Figure EV4. Jag1^Ndr/Ndr T cells are not autoimmune as shown by the transfer to Rag1^−/− hosts.

(A) Schematic of the experiment. (B) Survival curve of the Rag1^−/− animals over the course of 8 weeks following transfer with Jag1^+/+ (n = 6) or Jag1^Ndr/Ndr (n = 8) T cells. (C) Relative quantification of Jag1^+/+→Rag1^−/− and Jag1^Ndr/Ndr→Rag1^−/− mouse weight normalized to its original value on day 0 after T cell transfer over 8 weeks (1 = 100% of original weight, mean ± SD, n = 6–10 mice). (D) Representative H&E staining of intestinal sections (duodenum—top, ileum—bottom) performed 8 weeks after T cell transfer. (E) Comparison of the intestinal inflammatory score calculated using the H&E-stained slides of intestinal sections from the Jag1^+/+→Rag1^−/− (n = 4) and Jag1^Ndr/Ndr→Rag1^−/− (n = 5) mice. (F–H) Representative immunofluorescent images of sections from Jag1^+/+→Rag1^−/− (left) and Jag1^Ndr/Ndr→Rag1^−/− (right) mice intestine after DSS, stained for LCK and FOXP3, counterstained with Hoechst (F). Quantification of average LCK⁺ T cell count/Hoechst area (G), and LCK⁺/FOXP3⁺ Treg/LCK⁺ ratio (H) Means ± SD, Statistical analysis was performed by unpaired, two-tailed Student’s t-test.

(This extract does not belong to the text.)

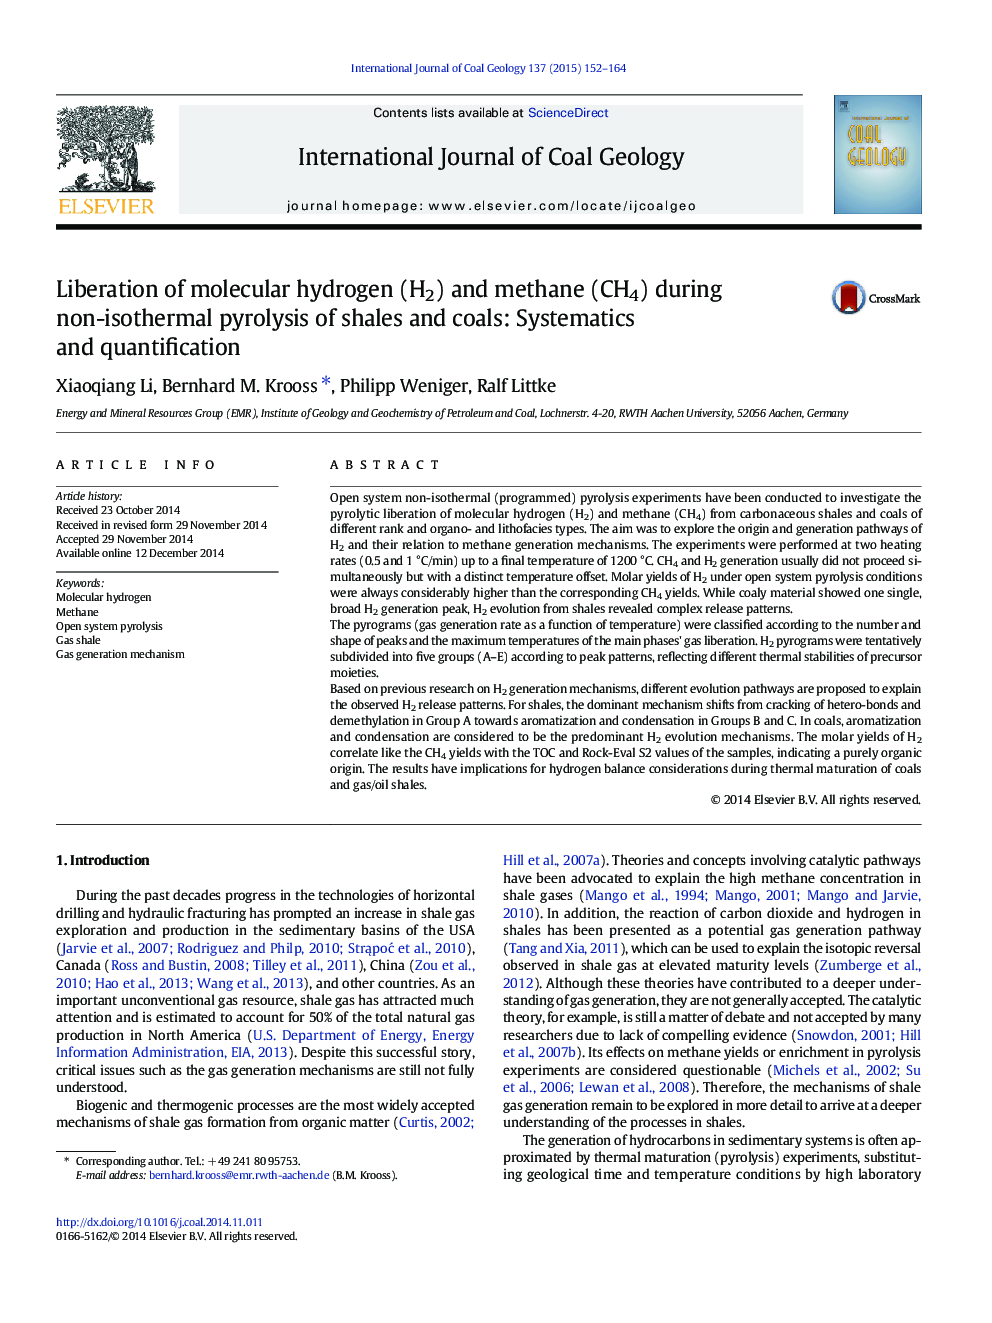 Liberation of molecular hydrogen (H2) and methane (CH4) during non-isothermal pyrolysis of shales and coals: Systematics and quantification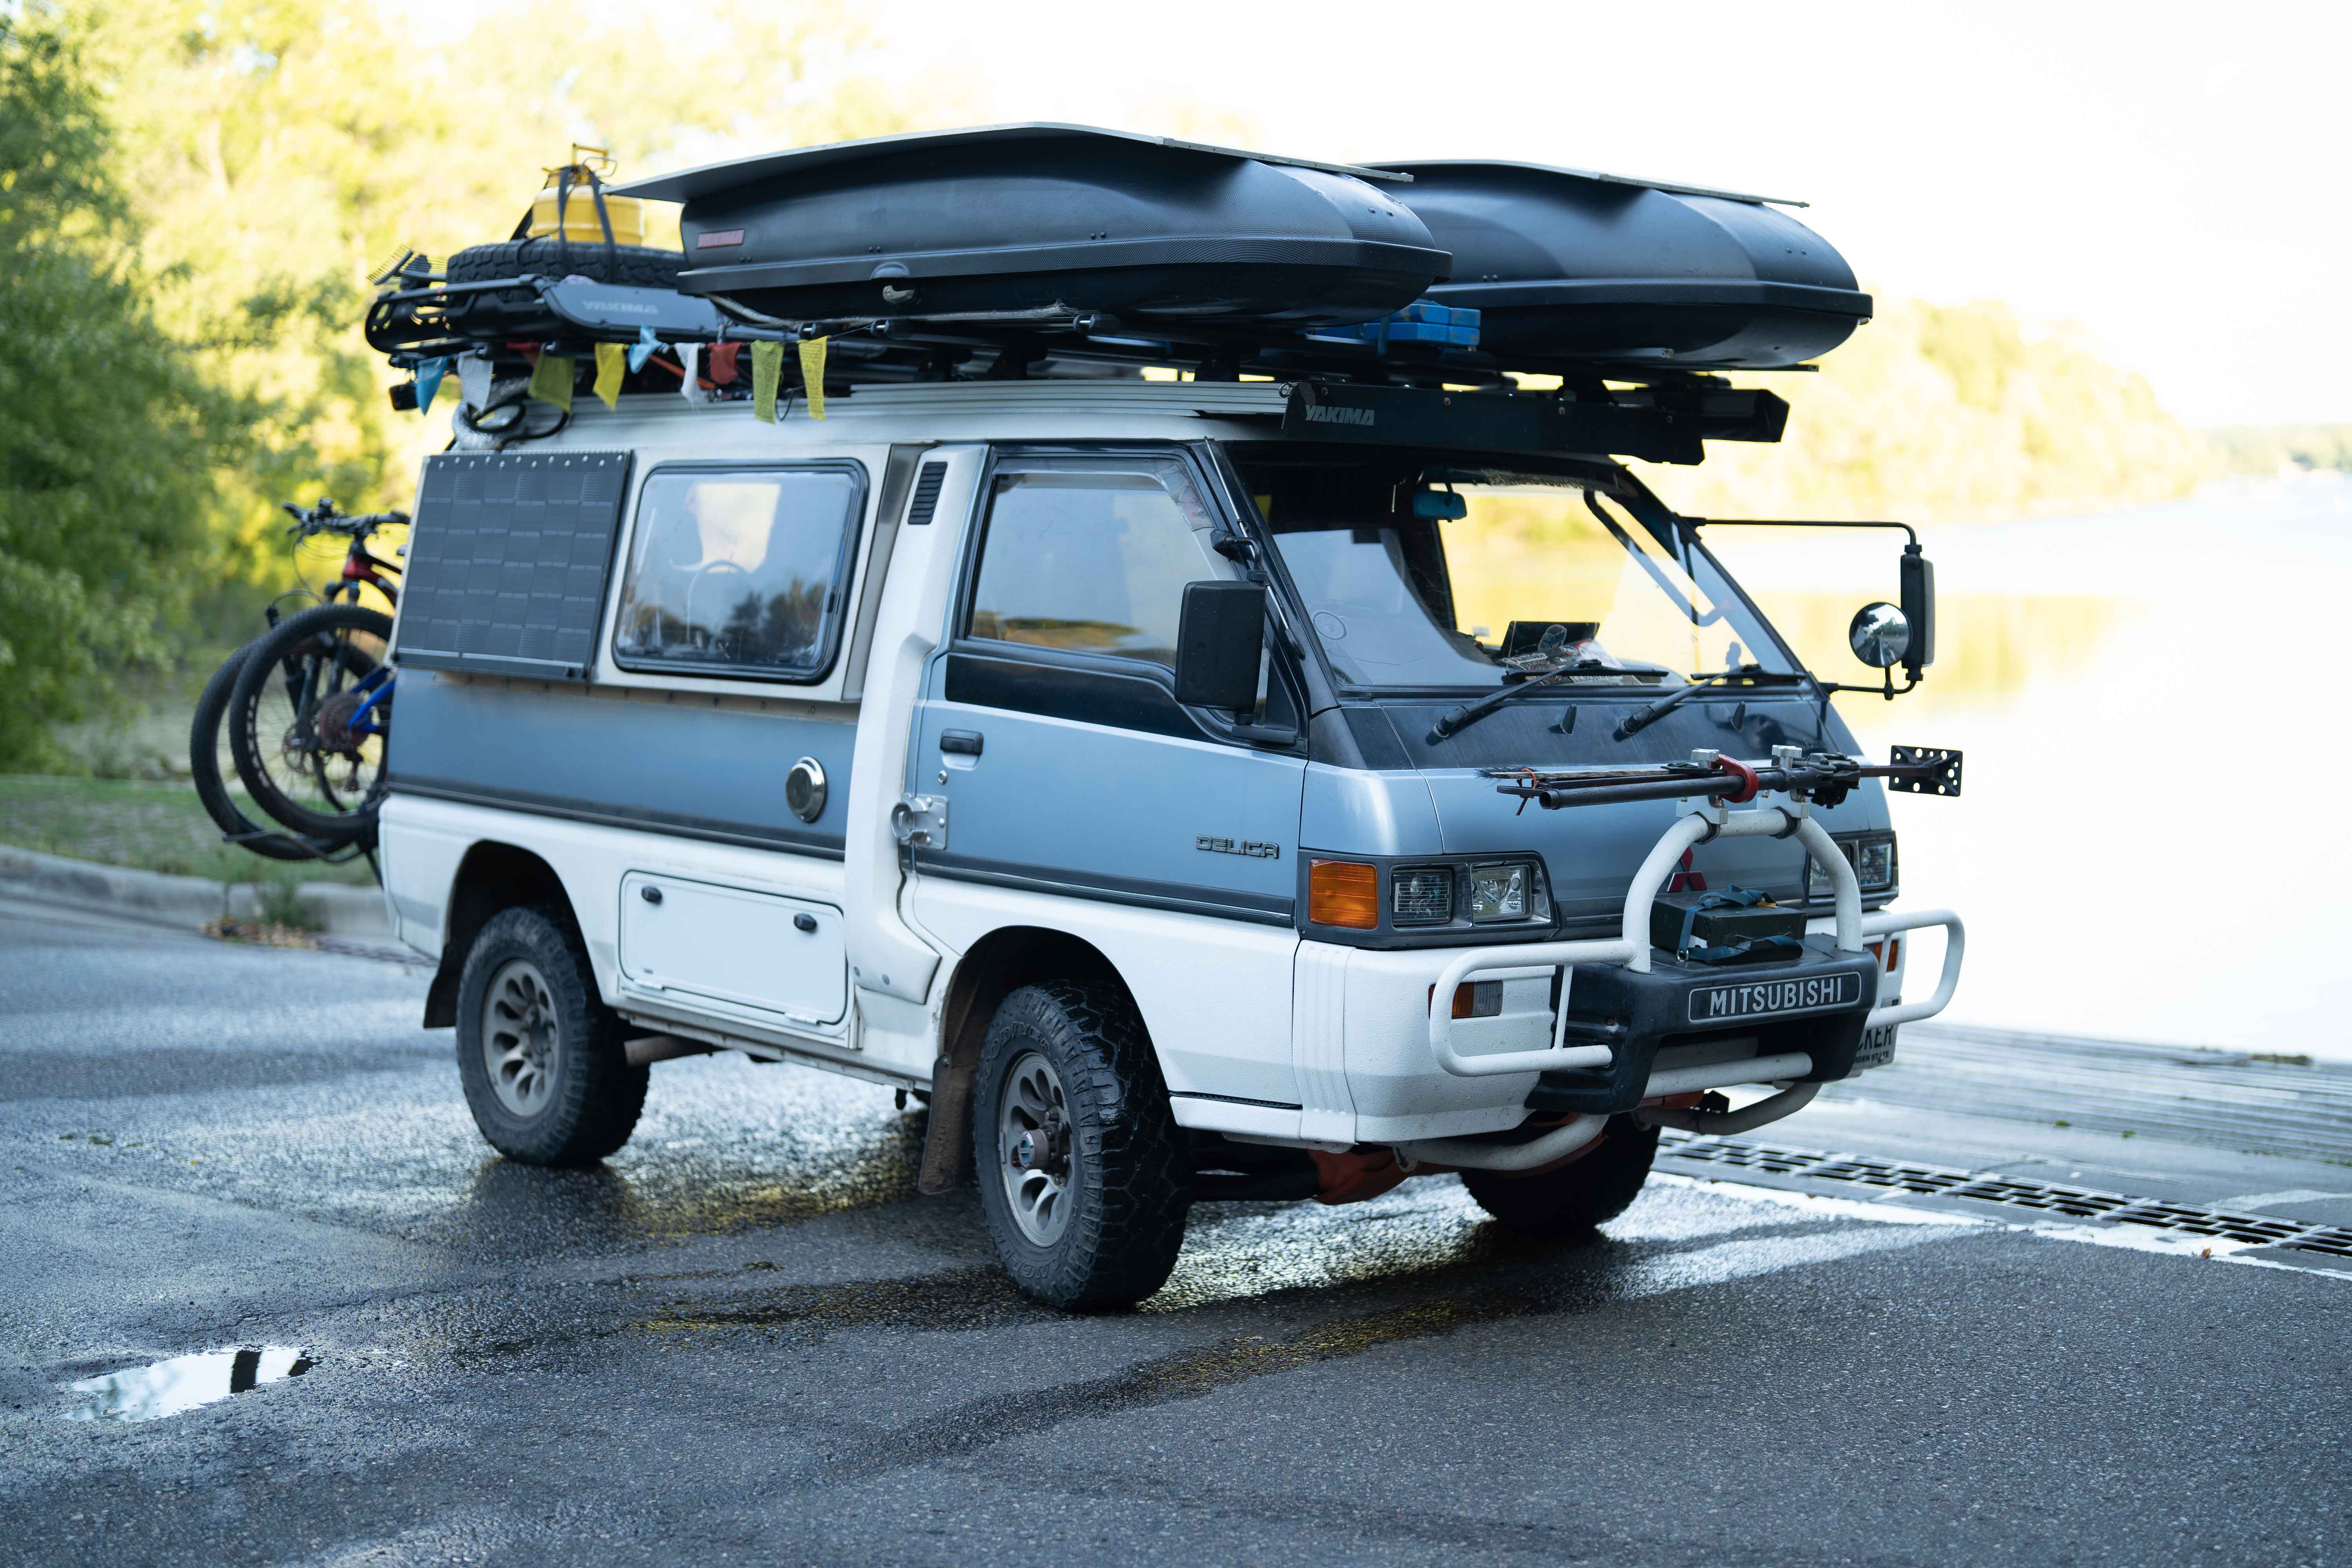 Delica Like No Other: This 1988 Mitsubishi Might Be the Most Impressive Van Life Build Ever

Figure EV5. T cells, present in the periportal area after bile duct ligation of Jag1^Ndr/Ndr transplanted mice, are enriched in patients with ALGS and anti-correlate with fibrosis.

(A) Representative Sirius red staining in Zone 3 of Jag1^+/+→Rag1^−/− and Jag1^Ndr/Ndr→Rag1^−/− mice after BDL. (B, C) Western blot of total LCK, inactive Tyr505 LCK and β-ACTIN levels in LLL lysates from Jag1^+/+→Rag1^−/− and Jag1^Ndr/Ndr→Rag1^−/− mice (n = 3 each) after BDL (B) and respective quantification (C). Graph represents mean ± SD. (D, E) Representative immunofluorescent images of cryosections from the left lateral lobe of Jag1^+/+→Rag1^−/− (left) and Jag1^Ndr/Ndr→Rag1^−/− (right) mice after BDL treatment, stained with antibodies against Lck and SMA (D), and respective quantification of Lck⁺ in the periportal area (E), (n = 3 each). Graph represents mean ± SD, Statistical analysis was performed by unpaired, two-tailed Student’s t-test. (F) List of patient samples from Andersson et al, , re-analyzed in this study. Asterisk indicates severity not significance. (G) Heatmap of gene sets over- and under-represented in ALGS and control patients. Significance was confirmed via false-discovery rate (FDR) statistic with 25% cutoff. (H) Pearson correlation of liver damage marker LGALS3BP, markers of lymphocytes CD19, CD4, CD8A, FOXP3 and markers of fibrosis COL1A1, LOX mRNA expression in patients with ALGS and control patients (p values *≤0.06; **≤0.005, are indicated below the heatmap). CV central vein, PV portal vein, BD bile duct, HA hepatic artery, AIH autoimmune hepatitis, SCH sclerosing cholangitis, PFIC2 Progressive familial intrahepatic cholestasis type 2, (N)ES (normalized) enrichment score. Fisher Exact test was used for the gene set enrichment analysis; LLL left lateral lobe, CV central vein, PV portal vein, BD bile duct, HA hepatic artery.